\documentclass[[11pt]{article}

\setlength{\oddsidemargin}{0in}
\setlength{\evensidemargin}{0in}
\setlength{\topmargin}{-0.3in}
\setlength{\headheight}{0in}
\setlength{\headsep}{0in}
\setlength{\textwidth}{6.5in}
\setlength{\textheight}{9.5in}
\setlength{\parindent}{0.2in}
\setlength{\parskip}{0.1in}

\usepackage{psfig}
\usepackage{times}  

\renewcommand{\thefootnote}{\arabic{footnote}}

\begin{document}

\title{\bf A Locally Cache-Coherent Multiprocessor Architecture \rm}


\author{Kevin Rich \\
Computing Research Group\\
Lawrence Livermore National Laboratory\\
Livermore, CA  94551\\
\\
Norman Matloff \\
Division of Computer Science \\
University of California at Davis \\
Davis, CA  95616 \\
\\
Correspondence Author:  N. Matloff \\
matloff@heather.cs.ucdavis.edu \\
(916) 752-1953, (916) 752-7004}

\date{}
\maketitle

%\begin{center}
%\vspace*{.1in}
%{\bf Abstract}
%\vspace*{.3in}
%\begin{end}

%\maketitle

\begin{abstract}
Recently there has been considerable interest in cache coherency protocols
in shared-memory multiprocessor systems, particularly in protocols which
are scalable, i.e. suitable for very large systems.  However, cache
coherency scalability (CCS) entails heavy performance overhead and system
cost, so a critical examination of the assumptions underlying the quest
for CCS is undertaken here.  A non-CCS architecture which provides only 
``locally, but not globally, coherent'' hardware support is proposed, and
evidence is presented which shows that this architecture does well in large 
classes of application.  Special emphasis will be placed on loop calculations,
due to their prevalence in scientific applications.

\end{abstract}

\section{Introduction}
\label{sec:intro}
     In the last few years, scalability of cache coherency protocols
has been one of the most active topics of research in shared-memory
multiprocessor systems.  A nice survey of this area, with a good
list of references, was presented in \cite{sten:survey}, and new papers have 
continued to appear since then.  However, cache coherency scalability 
(CCS) requires complex hardware, which carries significant overhead and
inhibits system performance, both in absolute terms and with
respect to performance/price ratios.  It is thus worthwhile to examine 
the fundamental question of whether CCS is a sufficiently desirable 
property to warrant the heroic efforts which are being made to 
achieve it.  This question is addressed here, and evidence toward an
at least partially negative answer is presented.  
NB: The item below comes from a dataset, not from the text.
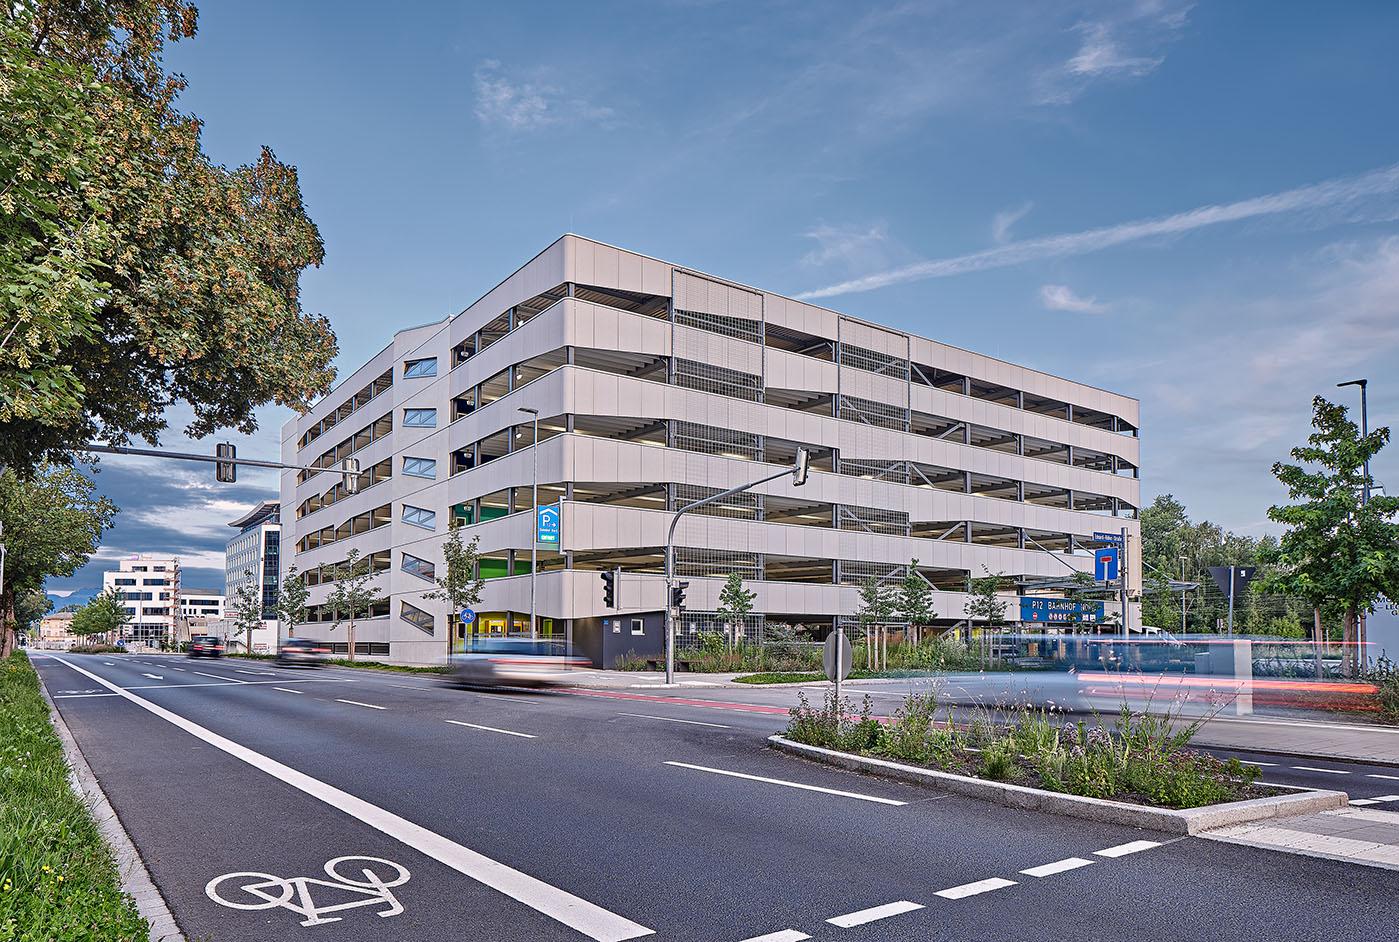 2020_07_20_HIB_Parkhaus_P12_Bahnhof_Nord_Rosenheim_NUM0127_1_0_rgb Kopie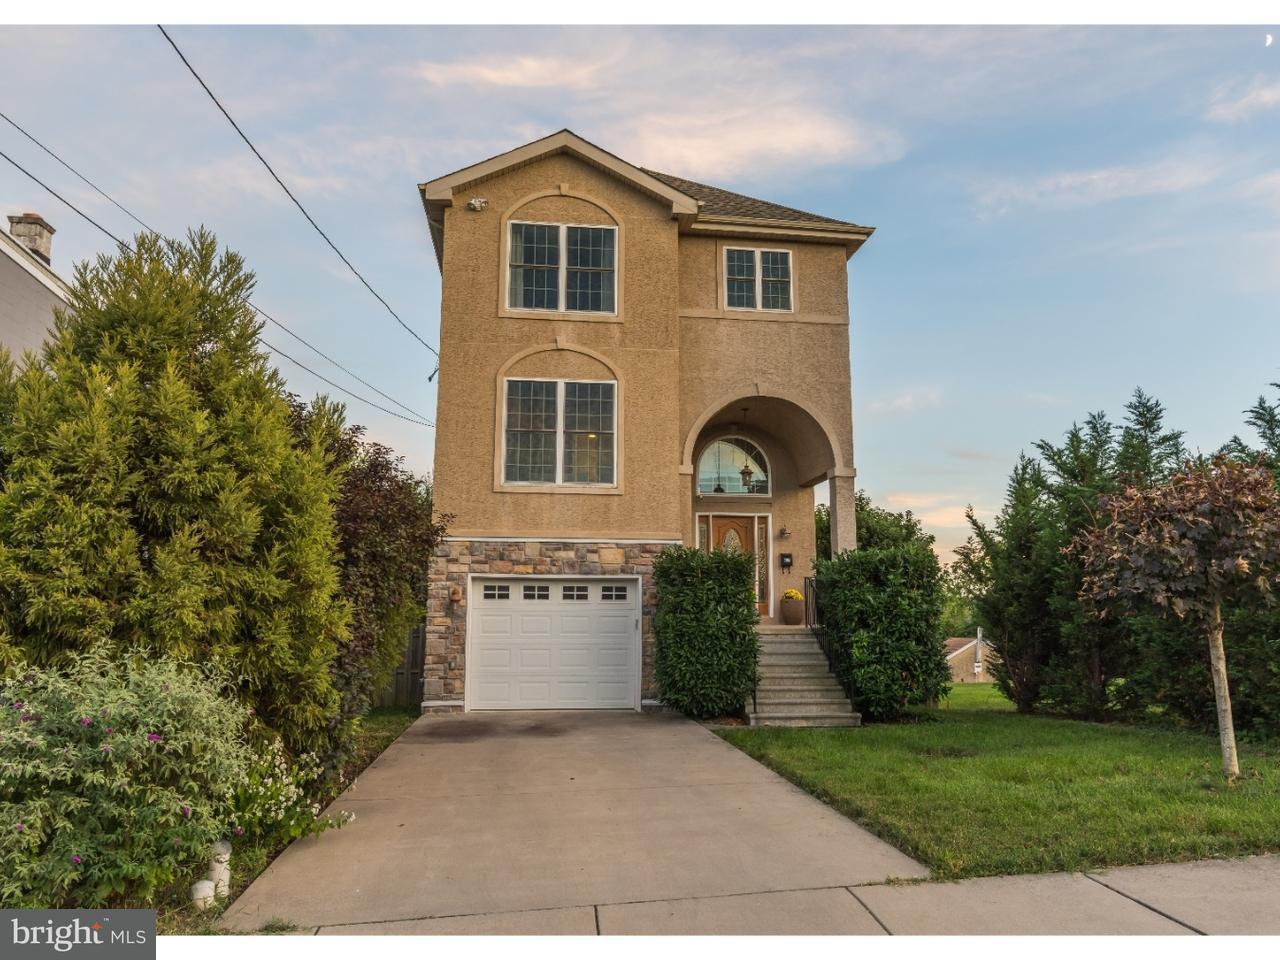 Single Family Home for Sale at 406 JEFFERSON Street Bridgeport, Pennsylvania 19405 United States

     The key point involves the type and extent of hardware which should be
devoted to support for coherent access of globally shared data, i.e., data
which are at least potentially shared by all processors in the system.  It
is found here that in many large application classes, we can replace the
major shared monitor variables (MVs) by data shared only by a fixed number
of processors, with that fixed number being independent of overall system
size.  This obviates much of the need for CCS.  Based on this idea,
an architecture which provides only ``locally, but not globally, coherent"
hardware support is proposed which is useful in many application domains, 
and is particularly suited to loop applications which are common in the
scientific computing field.

     Section 2 discusses distributed task allocation (DTA), and presents
evidence of its efficiency.  Section 3 then introduces the architecture
which is based on DTA.


\section{Decentralized Task Allocation in Loop Contexts}
\label{sec:dta}

     A common problem in the design of efficient parallel processing
software is the assignment of loop tasks to processors.\footnote{In the
context considered here, we focus on process\underline{ors}, rather
than processes\underline{es}.}  We choose to examine loop applications for
two reasons.  The first is that the concepts here will be easier to
explain in the loop setting.  Second, 
loops are a common paradigm in scientific applications.  It should be
noted, though, that DTA can be applied profitably to many other types
of applications.

     To illustrate the concepts involved,
the simpler the example the better, so let us consider the usual matrix
multiplication problem, in which an NxN matrix is to multiply an Nx1
vector.  Taking as our basic task the computation of the inner product
of the Nth row of the multiplier with the multiplicand, a {\bf for}-loop
then consists of N tasks to be allocated to the processors.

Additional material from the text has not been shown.